Coefficient comparison

display(comparison)
model parameter bayespecon_posterior_mean spreg_estimate difference
0 SAR CONSTANT 38.029925 37.268135 0.761791
1 SAR CRIME -0.452607 -0.451020 -0.001588
2 SAR INC 0.553765 0.563156 -0.009391
3 SDEM CONSTANT 31.767462 29.460538 2.306923
4 SDEM CRIME -0.583475 -0.575430 -0.008044
5 SDEM INC 0.823601 0.820920 0.002682
6 SDEM W_CRIME 0.250069 0.300693 -0.050624
7 SDEM W_INC 0.468414 0.478086 -0.009672
8 SDEM lambda 0.435167 0.358330 0.076837
9 SDM CONSTANT 23.536444 17.045361 6.491083
10 SDM CRIME -0.604761 -0.608430 0.003669
11 SDM INC 0.759630 0.803686 -0.044056
12 SDM W_CRIME 0.396576 0.475451 -0.078876
13 SDM W_INC -0.072949 0.042213 -0.115162
14 SEM CONSTANT 47.545280 48.008252 -0.462971
15 SEM CRIME -0.556544 -0.559458 0.002914
16 SEM INC 0.744724 0.711532 0.033192
17 SEM lambda 0.422006 0.390499 0.031508
18 SLX CONSTANT 31.174816 27.727885 3.446932
19 SLX CRIME -0.586536 -0.590675 0.004139
20 SLX INC 0.712946 0.742442 -0.029496
21 SLX W_CRIME 0.342662 0.390156 -0.047494
22 SLX W_INC 0.385933 0.486179 -0.100246

Direct/Indirect/Total effects comparison

display(spatial_effects_comparison)
model feature direct_bayespecon indirect_bayespecon total_bayespecon direct_spreg indirect_spreg total_spreg direct_difference indirect_difference total_difference
0 SLX INC 0.712946 0.385933 1.098879 0.742442 0.486179 1.228621 -0.029496 -0.100246 -0.129742
1 SLX CRIME -0.586536 0.342662 -0.243874 -0.590675 0.390156 -0.200519 0.004139 -0.047494 -0.043355
2 SAR INC 0.565918 0.171577 0.737495 0.563156 0.168814 0.731970 0.002762 0.002763 0.005525
3 SAR CRIME -0.463210 -0.147184 -0.610394 -0.451020 -0.135200 -0.586219 -0.012190 -0.011985 -0.024175
4 SEM INC 0.744724 0.000000 0.744724 0.711532 0.000000 0.711532 0.033192 0.000000 0.033192
5 SEM CRIME -0.556544 0.000000 -0.556544 -0.559458 0.000000 -0.559458 0.002914 0.000000 0.002914
6 SDM INC 0.787065 0.314866 1.101930 0.803686 0.523510 1.327196 -0.016621 -0.208645 -0.225266
7 SDM CRIME -0.591440 0.257530 -0.333910 -0.608430 0.399790 -0.208640 0.016990 -0.142260 -0.125270
8 SDEM INC 0.823601 0.468414 1.292015 0.820920 0.478086 1.299005 0.002682 -0.009672 -0.006990
9 SDEM CRIME -0.583475 0.250069 -0.333406 -0.575430 0.300693 -0.274737 -0.008044 -0.050624 -0.058669

bayespecon uses Bayesian inference while spreg reports frequentist point estimates, so exact equality is not expected.
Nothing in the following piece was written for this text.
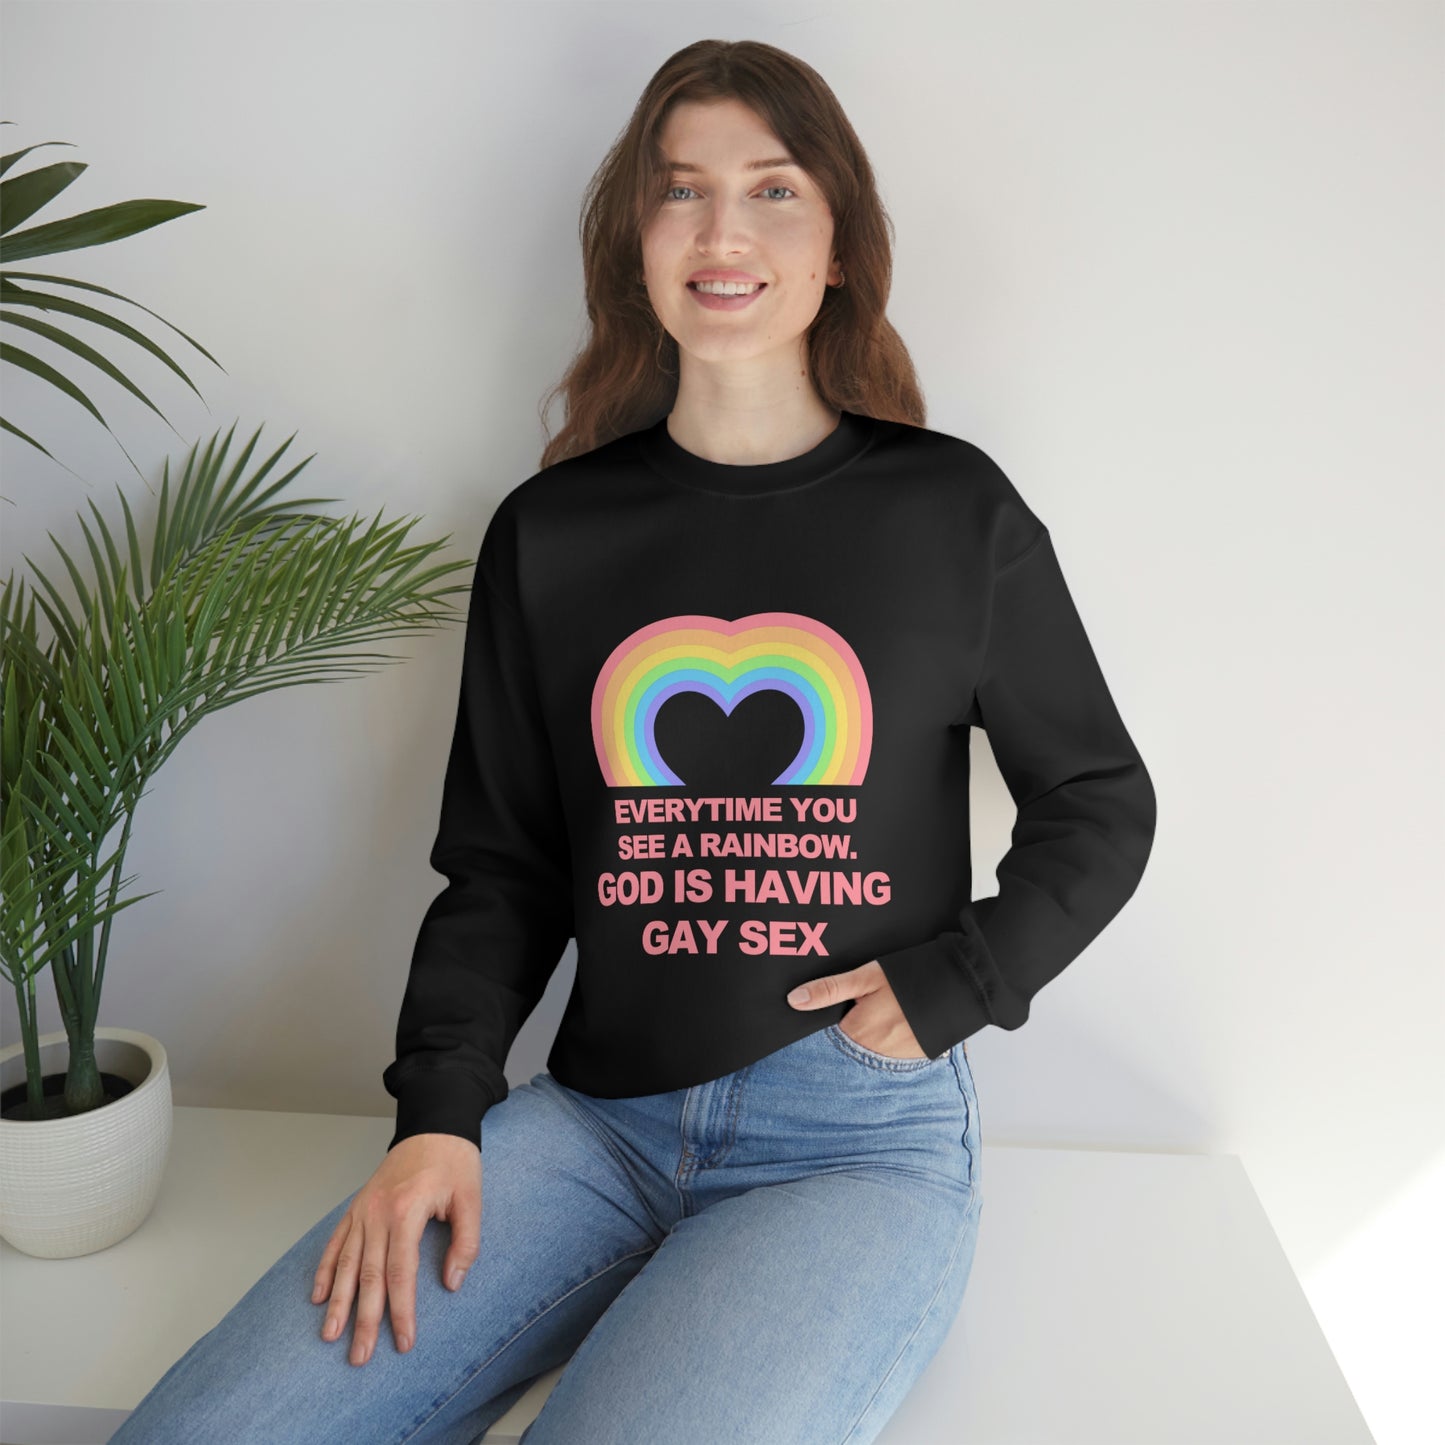 Everytime you see a rainbow, god is having gay sex Sweatshirt

The coefficient and effects tables are intended to verify directional and numerical agreement under matched model formulas with HOVAL as the dependent variable.

For effects, this notebook now uses spreg’s own spatial-impact utilities: spreg.sputils.spmultiplier and spreg.sputils._sp_effects. SEM is the one exception, since it has no spatial multiplier on the systematic component and therefore uses direct = coefficient, indirect = 0, total = coefficient.

Note on intercept exclusion: bayespecon excludes the intercept from spatial effects for all model types, since the intercept has no meaningful spatial impact interpretation. This is consistent with spreg’s _sp_effects, which also excludes the constant (CONSTANT) from its impact calculations.

Example: Synthetic Data on a 30x30 Grid

This example demonstrates how to generate synthetic spatial data on a 30x30 regular grid, construct a spatial weights matrix, and fit a cross-sectional spatial regression model using the bayespecon package.

from bayespecon import SAR, dgp

# Set random seed for reproducibility
np.random.seed(42)

# True parameters
beta_true = np.array([1.0, -1.0])
rho_true = 0.5
sigma_true = 1.0

gdf = dgp.simulate_sar(
    n=40,
    beta=beta_true,
    rho=rho_true,
    sigma=sigma_true,
    create_gdf=True,
    contiguity="queen",
)

w = libpysal.graph.Graph.build_contiguity(gdf, rook=False).transform("r")

# Fit SAR model
model = SAR("y ~ X_1", W=w, data=gdf)
res = model.fit()

model.summary()
/home/runner/micromamba/envs/test/lib/python3.14/site-packages/rich/live.py:260: UserWarning: install "ipywidgets" 
for Jupyter support
  warnings.warn('install "ipywidgets" for Jupyter support')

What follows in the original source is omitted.